The soft-spoken Davidson, born in Detroit in 1923, is president and CEO of Guardian Industries of Auburn Hills, Michigan, a leading manufacturer of float glass and fabricated glass products. He got involved in the business in 1955 when, aged 32, he joined his uncle’s near bankrupt windshield-manufacturing business; he took over and paid off creditors in three years. Today, Guardian’s annual sales average $4 billion. Among its recent projects: the walls of New York’s towering Time Warner Center.
Davidson has also had success in the world of professional sports.
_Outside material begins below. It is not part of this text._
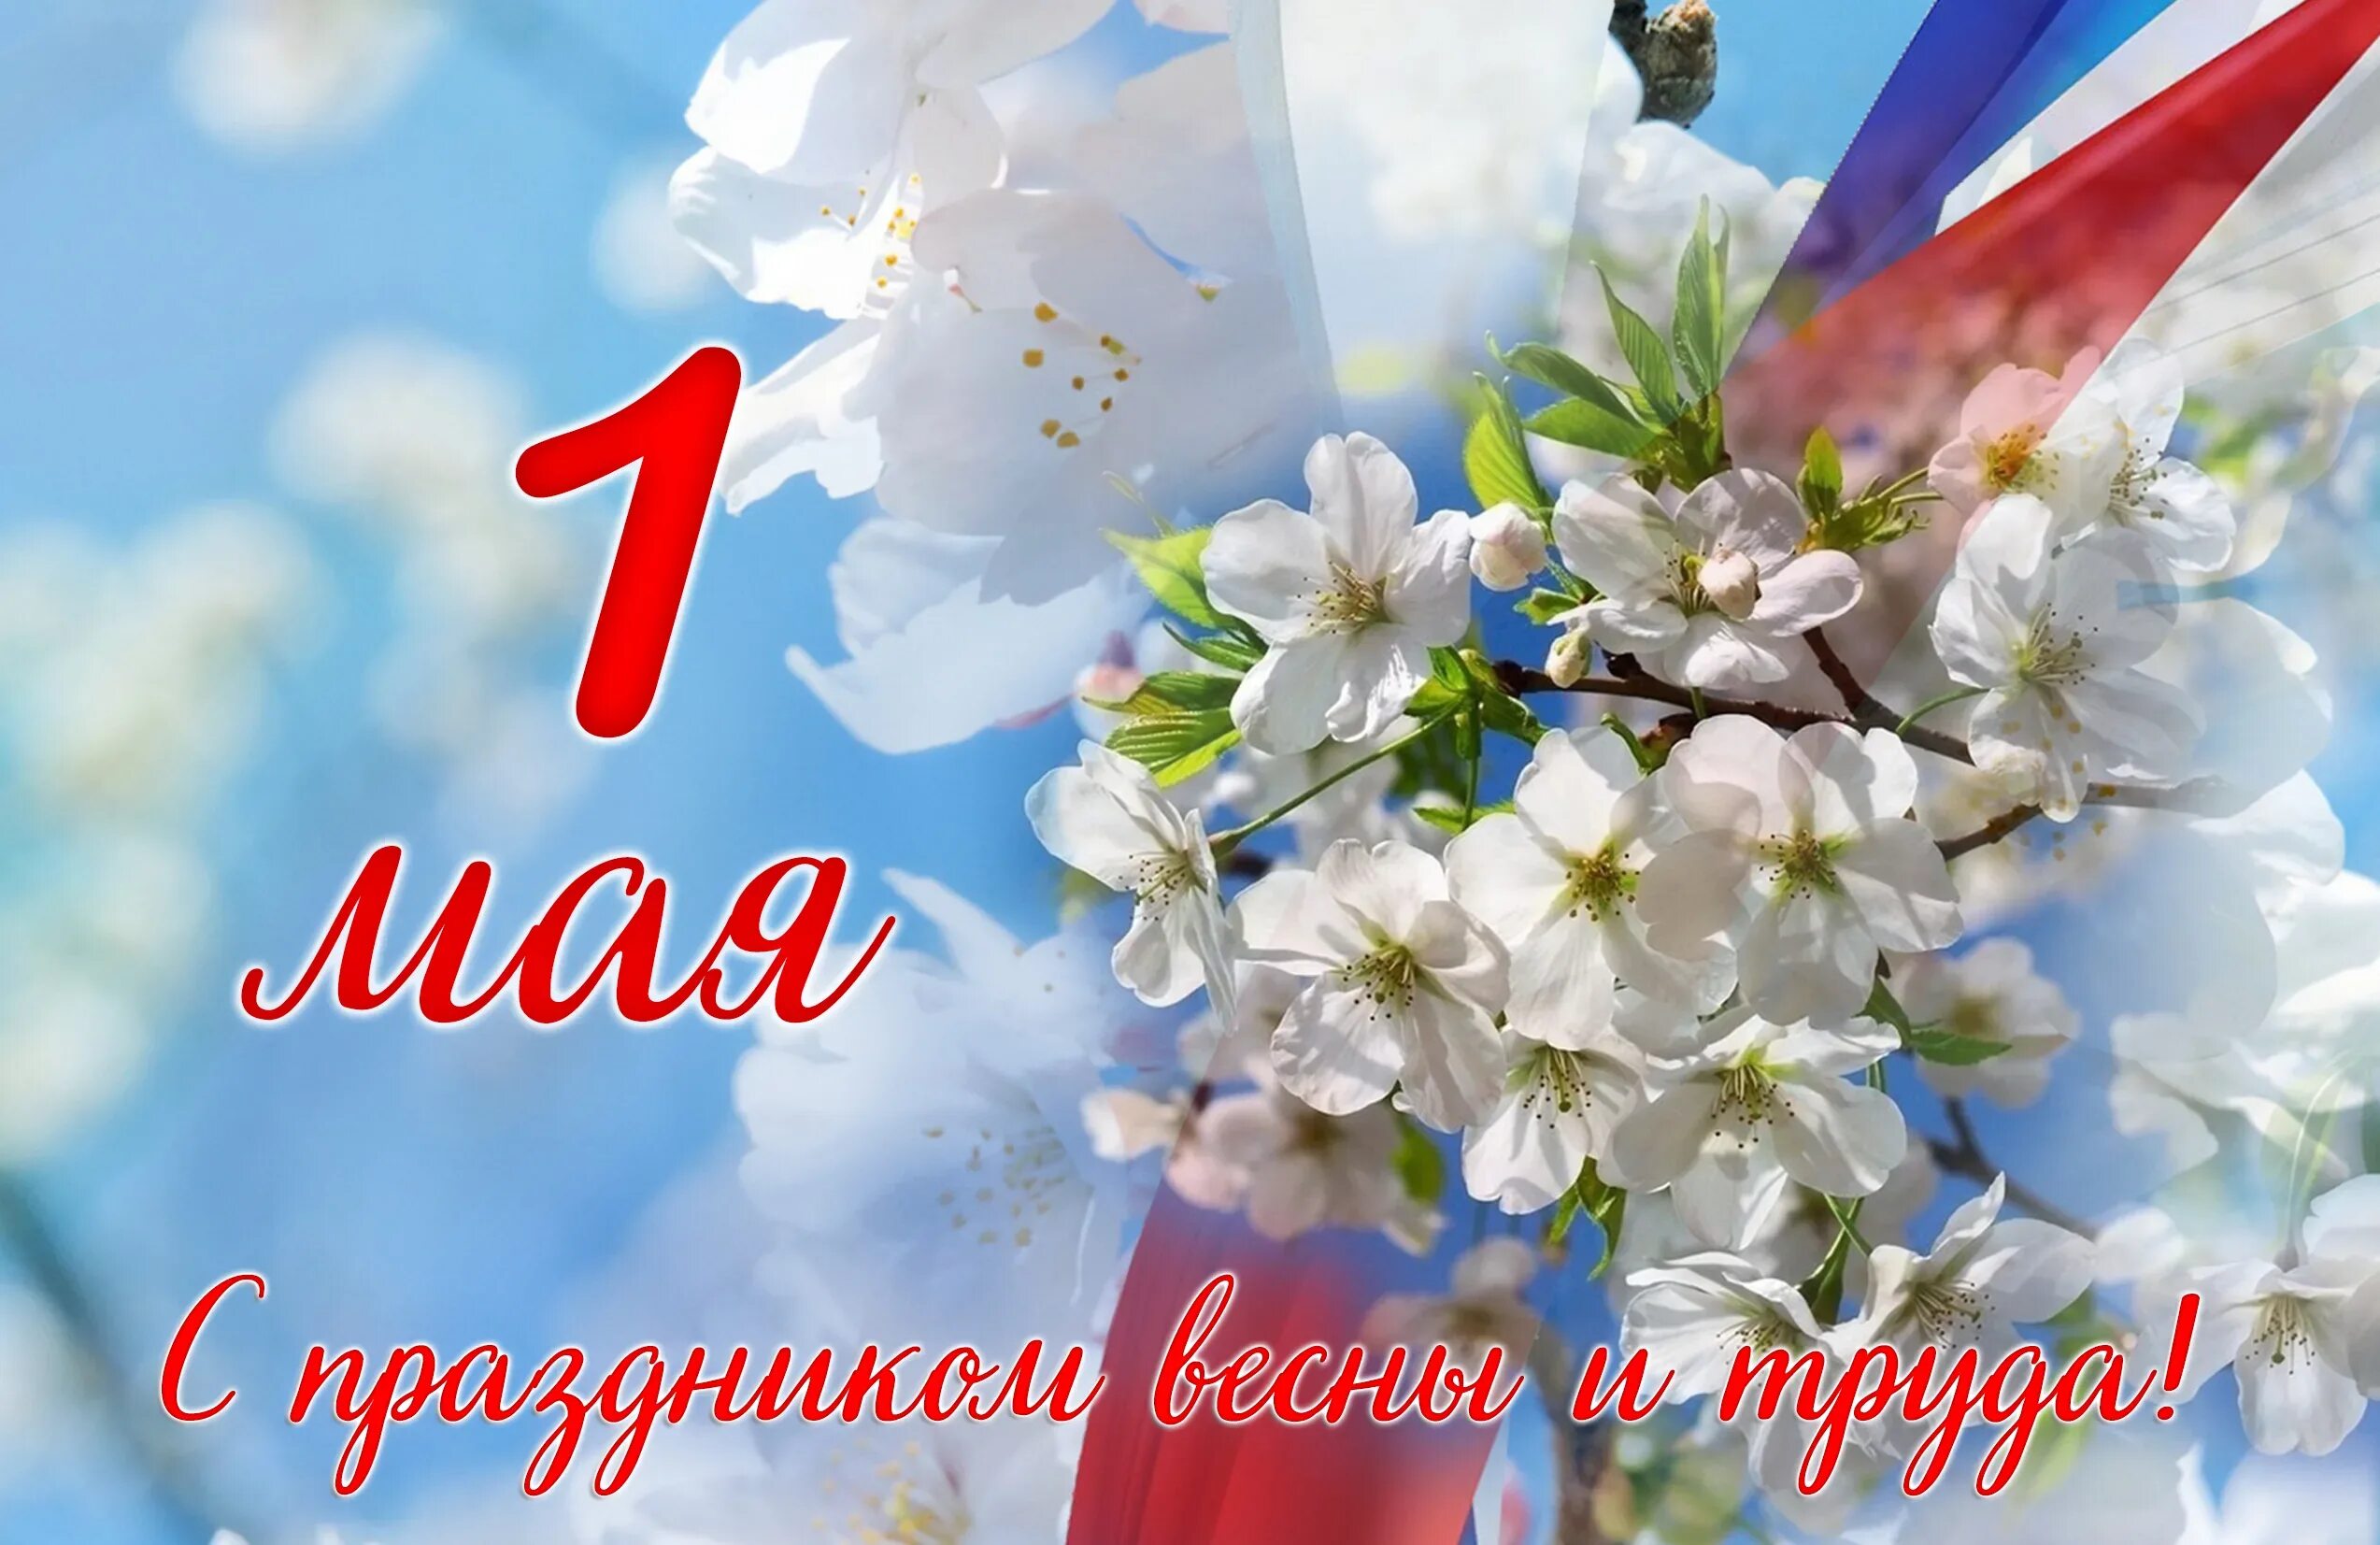 Что делают 1 мая. 1 Мая. 1 Мая праздник весны и труда. Поздравление с 1 мая. 1 Мая праздник.

He owns the Detroit Pistons, the Detroit Shock and the Tampa Bay Lightning. All three won their respective league championships in 2004.
Davidson’s son, Ethan, is a folk singer; his daughter, Marla, is an artist; Marla’s husband, Jonathan Aaron, is his assistant. Former president of the Detroit Jewish Federation and of his Conservative synagogue, Davidson lives with his wife in Bloomfield Hills, Michigan, works out daily and also devotes impressive energy to philanthropy in both the United States and Israel.
He has been point man behind many programs to aid at-risk youngsters in the Detroit area and opened a glass-manufacturing business in Israel—to which he gave $40 million after last summer’s Lebanon war. His alma mater, the University of Michigan’s Ross School of Business, houses a William Davidson Institute, and the Graduate School of Jewish Education at New York’s Jewish Theological Seminary of America also carries his name. In Israel, the Weizmann Institute of Science and the Technion–Israel Institute of Technology each enjoy substantial support from Davidson, as does the Schechter Institute of Jewish Studies in Jerusalem.
And now the inpatient center at Hadassah will also carry the Davidson name—but not that of William. It is to be called the Sarah Wetsman Davidson Tower, honoring the memory of his mother and the trigenerational link between the Davidson family and Hadassah.